Advantages of XML Databases:
Very powerful model and its strengths are this flexibility to represent a very wide range of data, almost arbitrarily anything you imagine. The data carries with it it's field assignment, and it handles relatively sparse data compactly. So, for example, if there is no instance of a laboratory value for this medical record, you don't even put that tag in. You can leave it out.
Disadvantages of XML Databases:
The weaknesses are that the database tools for doing this are not nearly as mature and efficient as they are to relational systems. The messages tend to be very verbose.
I had a very painful experience in my bio-informatics work of downloading all of Medline 10.7 million citations in Medline are now available only in XML format. Has anybody looked at Medline XML format? Well, and we are going to go into it in detail, but you know the XML the record of Medline is a relatively complicated record. It has all these little sub-elements like author initials, author names, publication types, pub years, and pages, and it goes on and on. The 36 gigabytes of data of XML data that comprises Medline contains 12 gigabytes of data and 24 gigabytes of XML tags. So it is an extreme example of this verbosity of the messages and tags.
In some cases where you have relatively complex records and many, many, many records...millions of them...almost all of your processing time is spent just reading the doggone tags.

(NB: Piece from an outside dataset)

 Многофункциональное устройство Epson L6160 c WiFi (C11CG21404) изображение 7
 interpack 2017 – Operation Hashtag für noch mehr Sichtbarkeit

I have actually been an advocate of asking NLM to publish a more compact version of the new XML, but since they are using it for internal production, I haven't gotten very far.
It is also is obviously I/O intensive because again, of this notion that whenever you encounter a tag you have to go look up what it means if you are the computer, and it trades off decreased efficiency for increased flexibility. And I put this question mark in scalability last year before I encountered this Medline problem, but I am increasingly persuaded that XML is an excellent representation for medium-sized databases of medium complexity. So, maybe up to a million records and maybe hundred fields it is good for that. Not so good at 10.7 million records, times however many fields there are in the Medline format.